Decisions to nationalise businesses can be challenged in the UK domestic courts, with public law principles and human rights law providing protection for investors. Where measures are implemented through secondary legislation (or non-legislative means) there are a range of potential grounds of challenge. In contrast, where primary legislation is used to implement nationalisation, the options for challenges are more limited. However, regardless of the route used, Article 1 of Protocol 1 (A1P1) of the European Convention on Human Rights provides investors with substantive protections (although the remedies the court can grant are different where primary legislation is concerned).

What does A1P1 protect?

A1P1 protects the right to peaceful enjoyment of property. It has long been interpreted as requiring fair compensation to be made available by the state for deprivations of property, while in the case of a "control on use" of property, compensation is less likely to be payable. The first step is establishing an interference with a person's possessions (including those of a company). The court then considers whether that interference is justified. This includes consideration of:

  • a fair balance being struck between the public interest and private rights;
  • more generally, that the measure adopted is proportionate; and
  • the government being afforded a margin of appreciation.

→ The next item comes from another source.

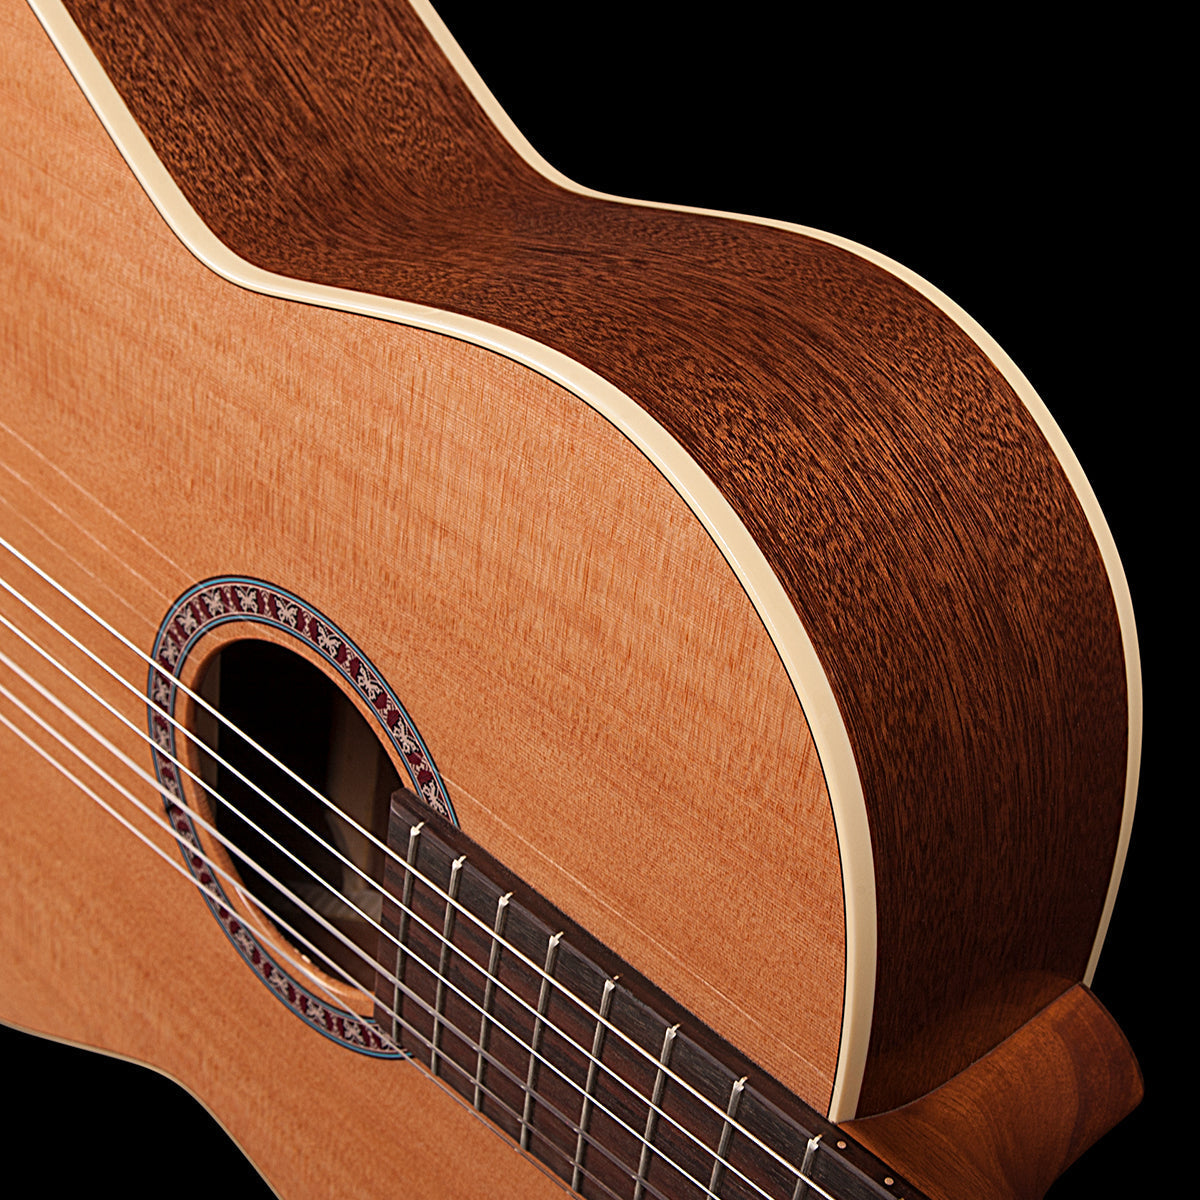 Godin Concert Nylon String Guitar, Acoustic Guitar for sale at Richards Guitars.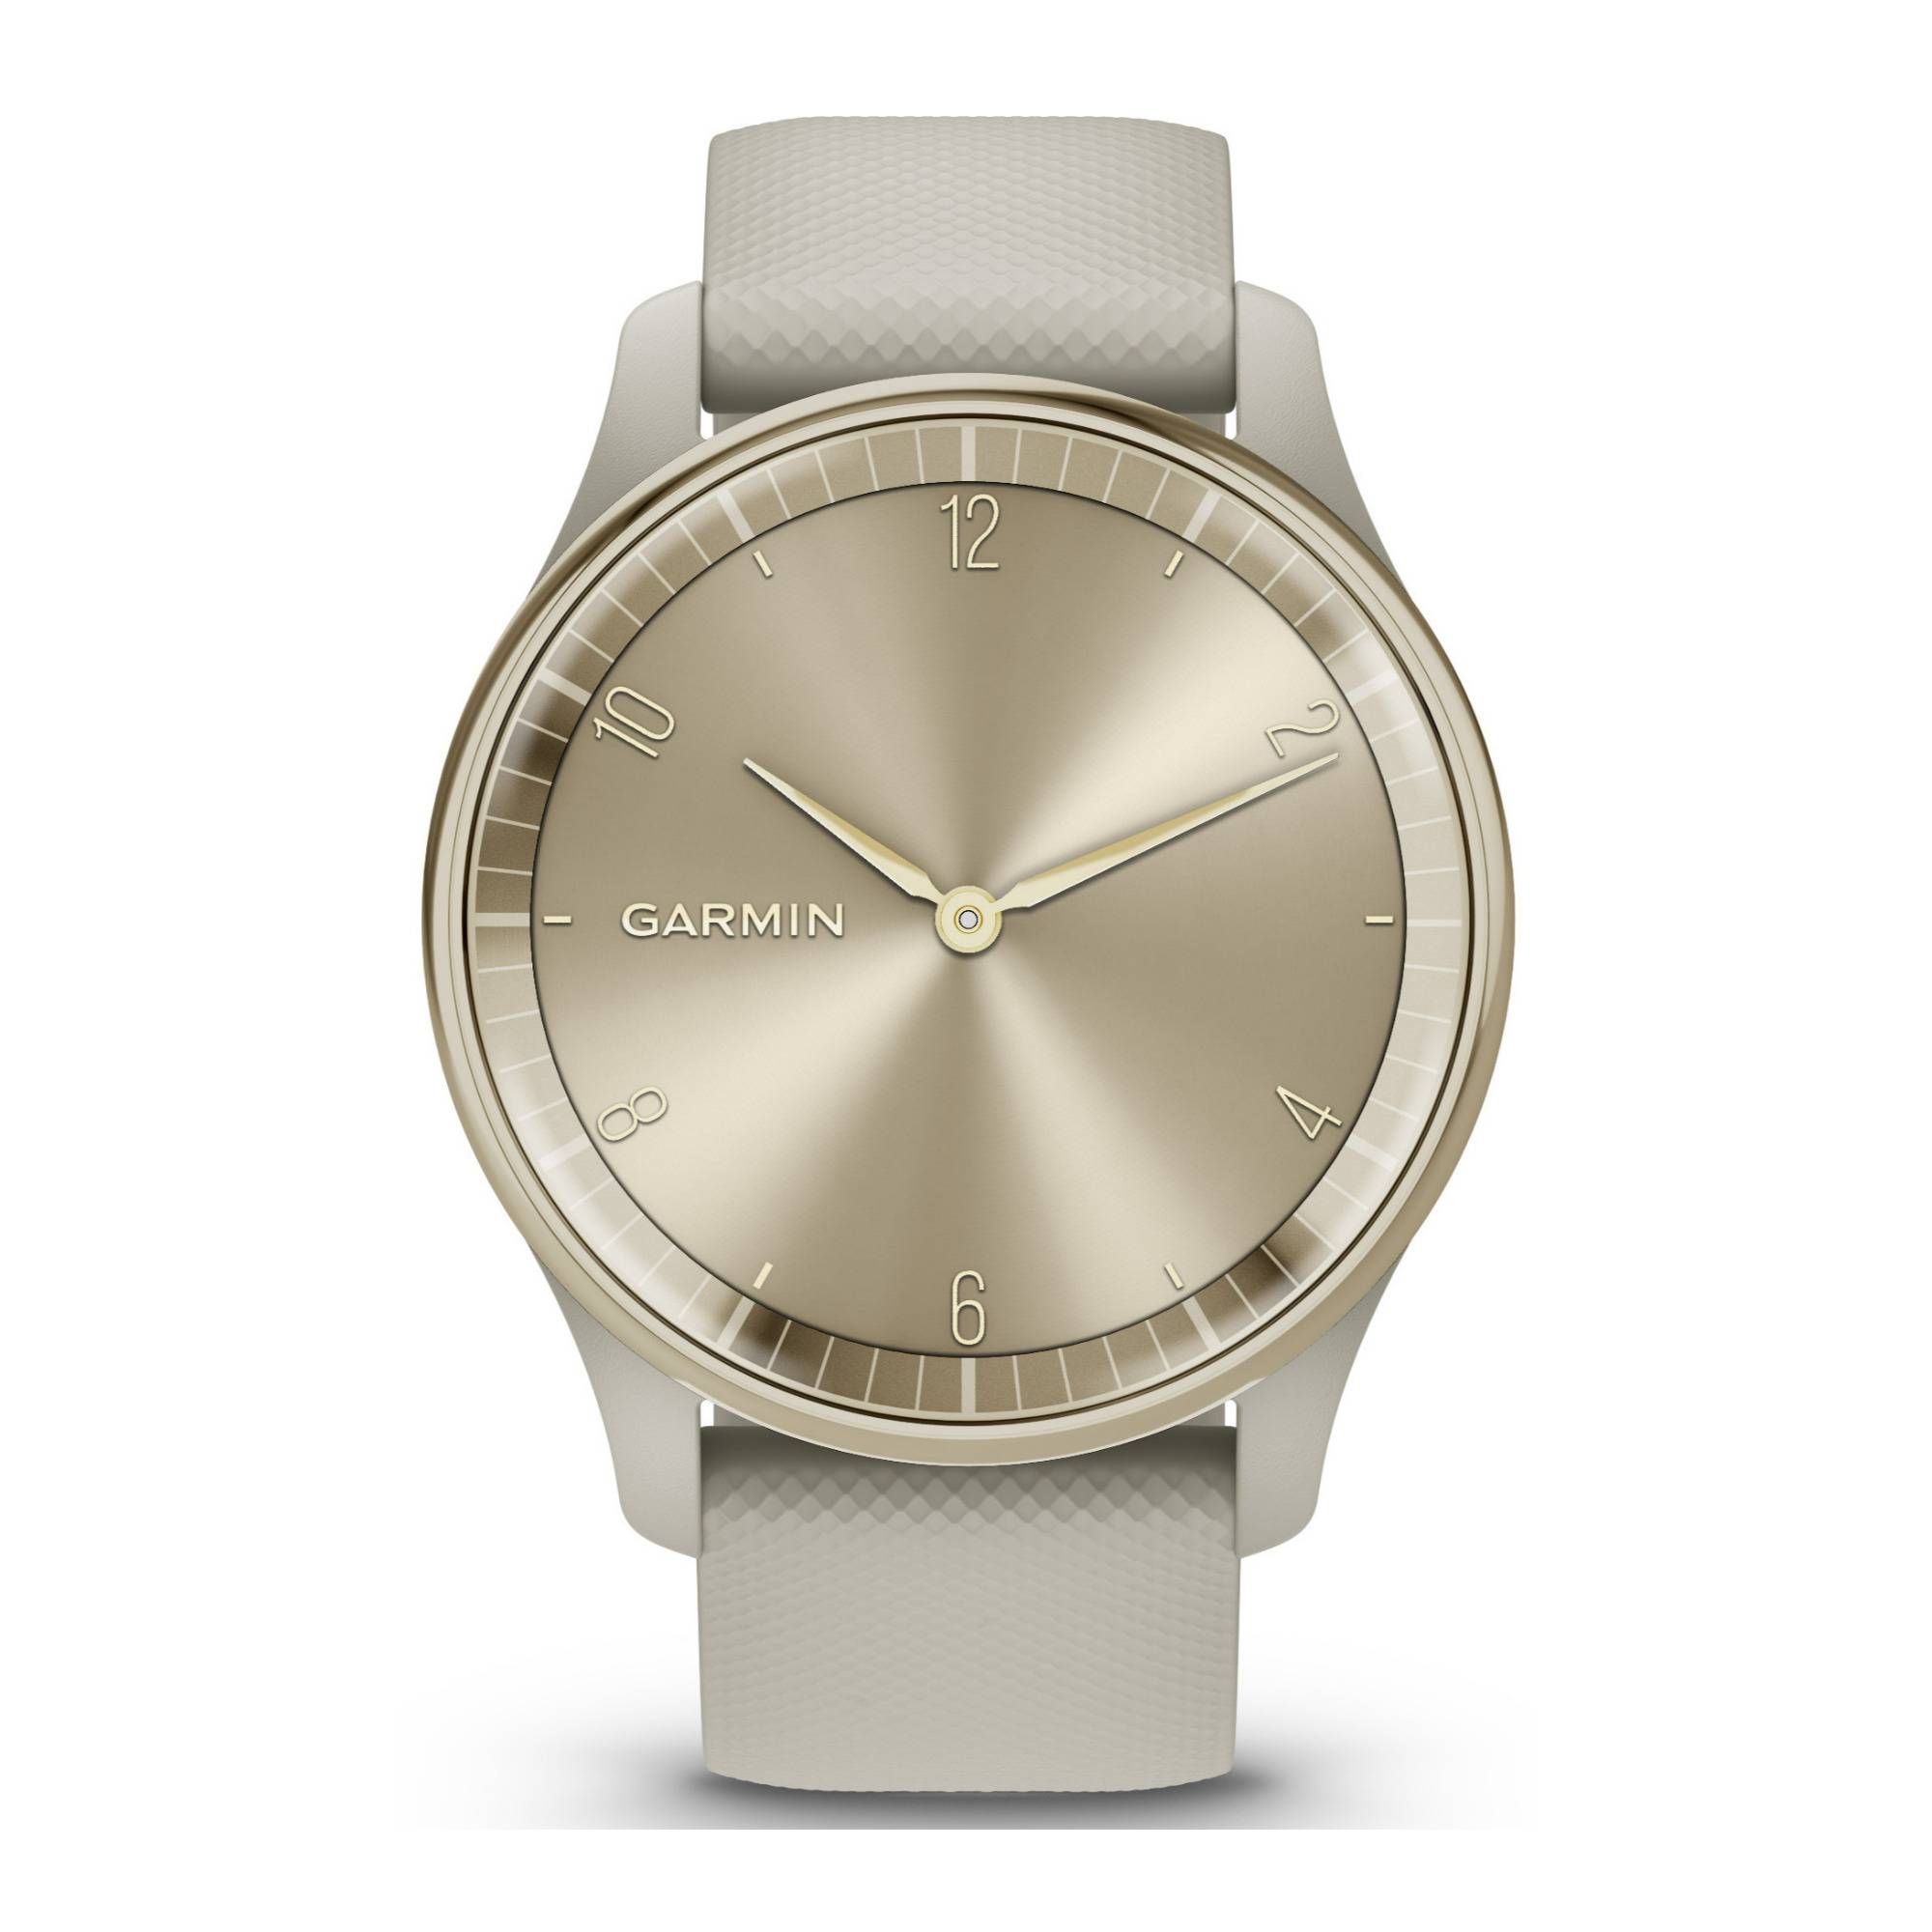 Garmin Vívomove Trend Hybrid Smartwatch with Silicon Band (Cream Gold Stainless Steel Bezel)

How is A1P1 used in practice?

From individuals to corporates, A1P1 claims have been brought in a wide range of contexts across a variety of sectors over the years. Plain packaging legislation, food regulations designed to tackle childhood obesity, designations under the sanctions regime, and more recently compensation for poultry culled following bird flu outbreaks have all been the subject of A1P1 claims. The former shareholders of Northern Rock also relied on A1P1 in their challenge to the compensation scheme established following the nationalisation of the bank. In a regulatory context, a notable decision was the award of damages to Infinis plc following its successful A1P1 claim against Ofgem. Even for unsuccessful claims, domestic courts are not necessarily the end of the road. There may be scope to pursue a claim in Strasbourg as complaints alleging breach of A1P1 may also be brought to the European Court of Human Rights once domestic remedies have been exhausted.

Investment treaty protections

A bilateral investment treaty is an agreement between two countries containing reciprocal undertakings for the promotion and protection of private investments made by nationals of the signatories in each other's territories. Such agreements are entered into to provide confidence to private investors in respect of the treatment their investment can expect from the host state (including in relation to compensation in the event of expropriation, non-discriminatory treatment and fair and equitable treatment). The UK has such treaties with many jurisdictions, including China, Hong Kong, India and Singapore.

Similar protections can also be found in certain multilateral investment treaties to which the UK is currently party (including the Energy Charter Treaty which, even though the UK has announced its intention to withdraw, will continue to protect pre-existing investments in the energy sector).

Such safeguards will remain welcome. However reassuringly centrist Labour policy has moved in recent years, the UK's recent history of jarring shifts from both its main political parties will leave many investors wanting to err on the side of caution for years to come.